ハッカー殲滅作戦(百七十二)
銃声と共に、生暖かい液体が飛び散った。それをまともに浴びたのは、吉野財閥自衛隊の兵士と高田部長である。
「大丈夫ですか!」「駄目かっ!」
同時に応戦する銃声がして、同時に牧夫を心配する声。振り返った顔は、驚きの表情に変わっている。
「どこも怪我はありませんか?」「痛いの痛いの飛んで行けぇ」
顔にかかったコーヒーを拭こうともせず、兵士が牧夫の心配をしている。どうやら血は出ておらず、無事のようだ。
「ハンカチ貸せよ」「何ですか。もぉ」
左手の人差し指と親指で持っていた筈の『缶コーヒー』は、どこかに行ってしまった。奇跡的に、手は無事である。
ポケットからハンカチを取り出すと、高田部長がそれを奪い取る。一番最初に拭いたのは、どうやら拳銃のようだ。
「ボーっとしているからだよ。お前も使えよ」「すいません」
兵士のヘルメットを拭いてやってから、ハンカチを渡す。兵士は恐縮しながらも顔に付いたコーヒーを拭く。
どうやら目にも入ってしまったようだ。目をパチパチしているものの、怪我はなく無事らしい。
「ありがとうございます」「いえいえ」
何だかヘルメットを拭いたときに、血もついてしまったのか、グシャグシャになったハンカチを、牧夫はそのままポケットに突っ込んだ。気にするな。そんなのは洗濯すれば良い。
「本部長のコーヒー、なくなっちゃいましたね」
「まだカバンにあるんだろ?」「そりゃありますけど」
肩から提げていたカバンの蓋を開けて、覗き込む。自分の命が危うかったのに、『お土産』の心配をする所が変わっている。

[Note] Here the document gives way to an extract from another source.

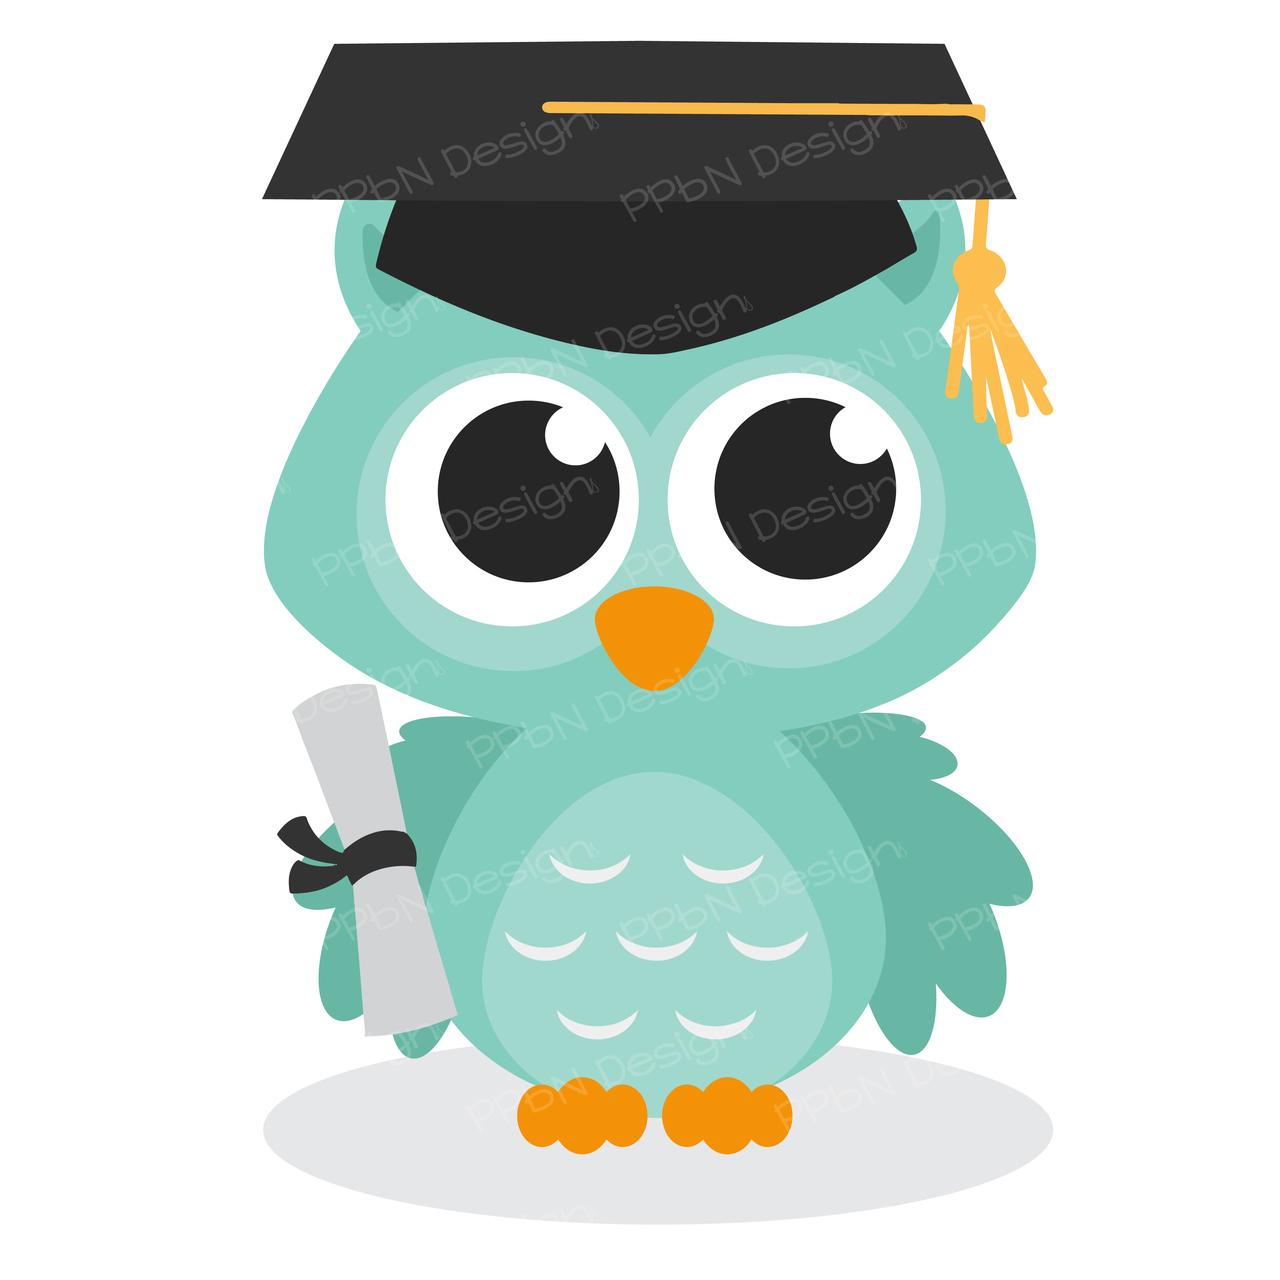 Graduation clipart owl 00 $0 Owl  ppbndesigns

しかし、きっとハッカーはそう言う人の集まりに違いない。兵士はそう自分に言い聞かせていた。
「あっ! 何か液漏れしちゃってる?」「どうしたぁ?」
牧夫がカバンの中を覗き込むと、そこにはオレンジジュースがぶちまけられていた。最悪だ。
さっきのハンカチを再び取り出すと、カバンの中に手を突っ込んでオレンジジュースを沁み込ませる。
嫌な予感がしたのだろう。兵士が慌ててカバンの横を覗き込む。するとそこには、銃弾位の穴が開いているではないか。

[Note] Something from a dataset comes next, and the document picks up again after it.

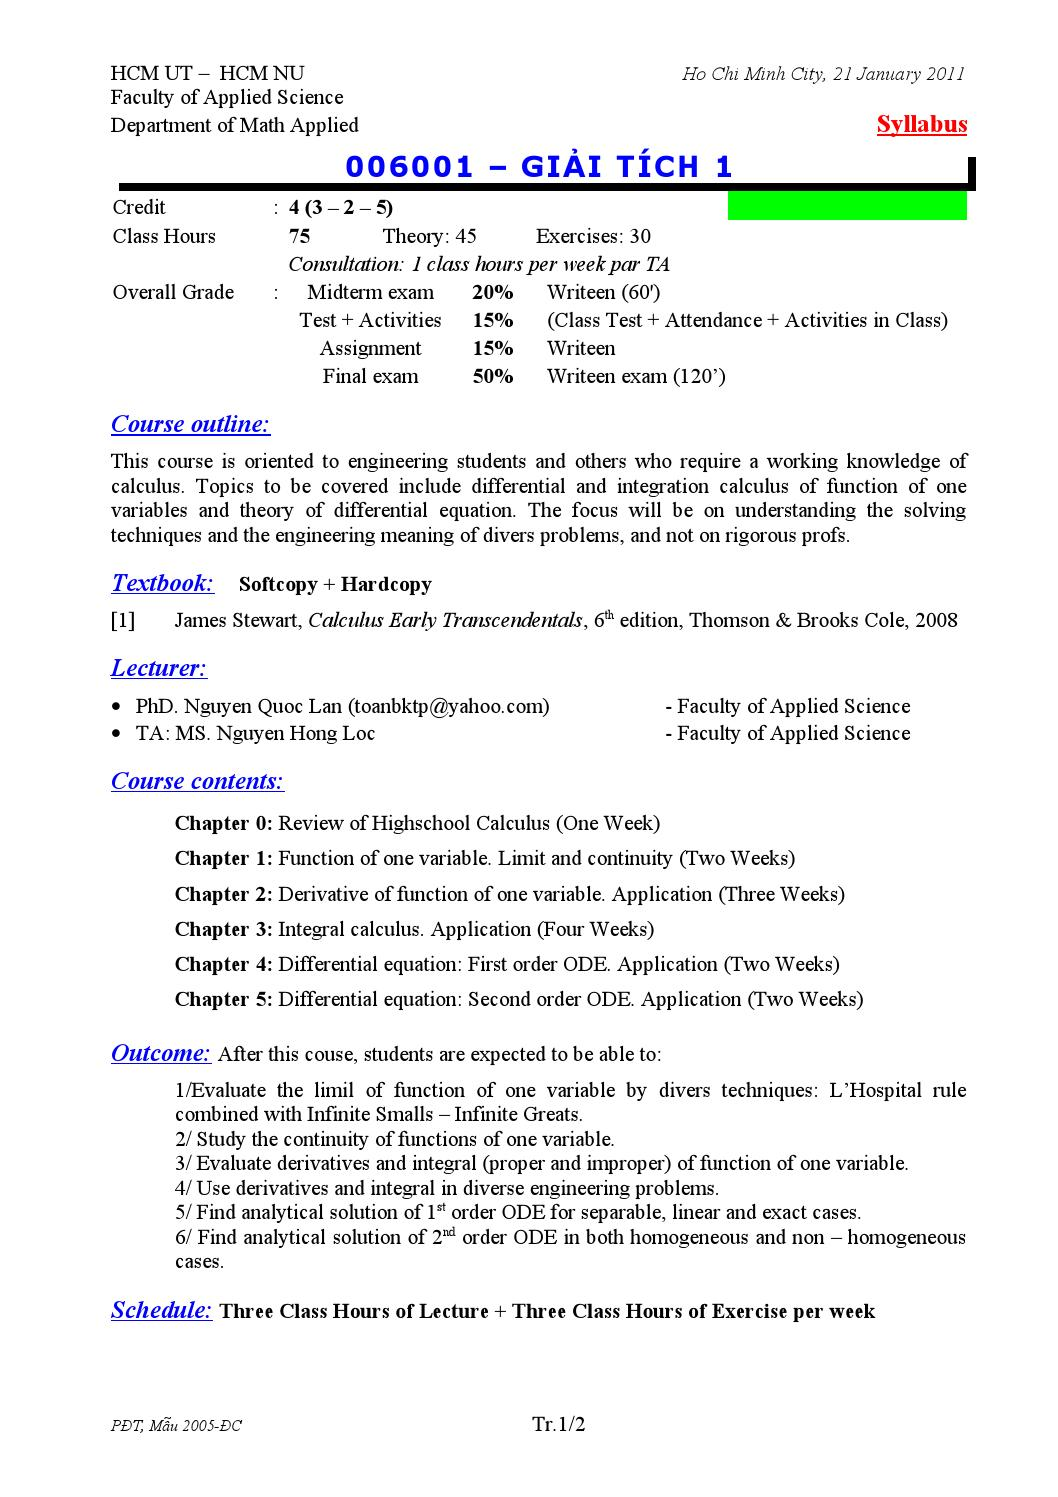 1 006001 calculus by Thuy Ngoc - issuu

「だっ、大丈夫だったんですか? 怪我してないですよね?」
兵士が驚いて、カバンをひっくり返して反対側を覗き込む。しかし、そちらに穴は開いていない。カバンは銃弾から牧夫を守ったことになる。ホッとした表情に変わった。
「何だ、カバンに何入れていたんだぁ?」
そんなカバンの中を、高田部長が覗き込む。牧夫は渋い顔になって、オレンジジュースまみれになった物体を、カバンから取り出した。
それはA4サイズの、四角い物体であった。
「本部長から貰ったパソコンなのに。大丈夫かなぁ」
心配そうに覗き込むが、ちょっと凹んだ箇所が判る程度で、不思議なことに、何も心配はなさそうだ。
「何だ。それかぁ。お前、後で本部長に礼言えよ?」
どこかで見たことがあったのだろうか。パソコンの凹んだ場所を指さして、ケケケと笑いながら高田部長が言う。
それを見た兵士も苦笑いになった。うちのハッカーは、『軍事用』のパソコンを、愛用しているのだろうか。
しかし、高田部長の目の前に『パソコン』が現れて、直ぐに渋い顔になった。
きっと『良くないこと』に、使われるに違いないのだ。
「でも、それ、欠陥品なんだよなぁ」「そうなんですかぁ?」
高田部長がパソコンに対し、『興味なさそう』に秘密を暴露すると、牧夫は驚いた。本部長は、一体何を考えているのだろうか。いや、考えていなさそう。
「どこが欠陥なんですか?」
クルクルとパソコンを回しながら、牧夫が聞く。すると高田部長は、『俺は知ってるぜ』な表情に変わると、得意そうに話し始める。
「それさ、使っている内に『冷たく』ならない?」「なりますね」
どうして『そんな秘密』を知っているのだろうと、牧夫は思い、首を傾げた。
「CPUを冷やすはずのぺルチェ素子がさ、設定逆なんだよ」
「道理でクロックアップすると、直ぐ止まる訳ですよぉっ!」
どうやら、この『ペンギン印』のパソコンは、欠陥品のようだ。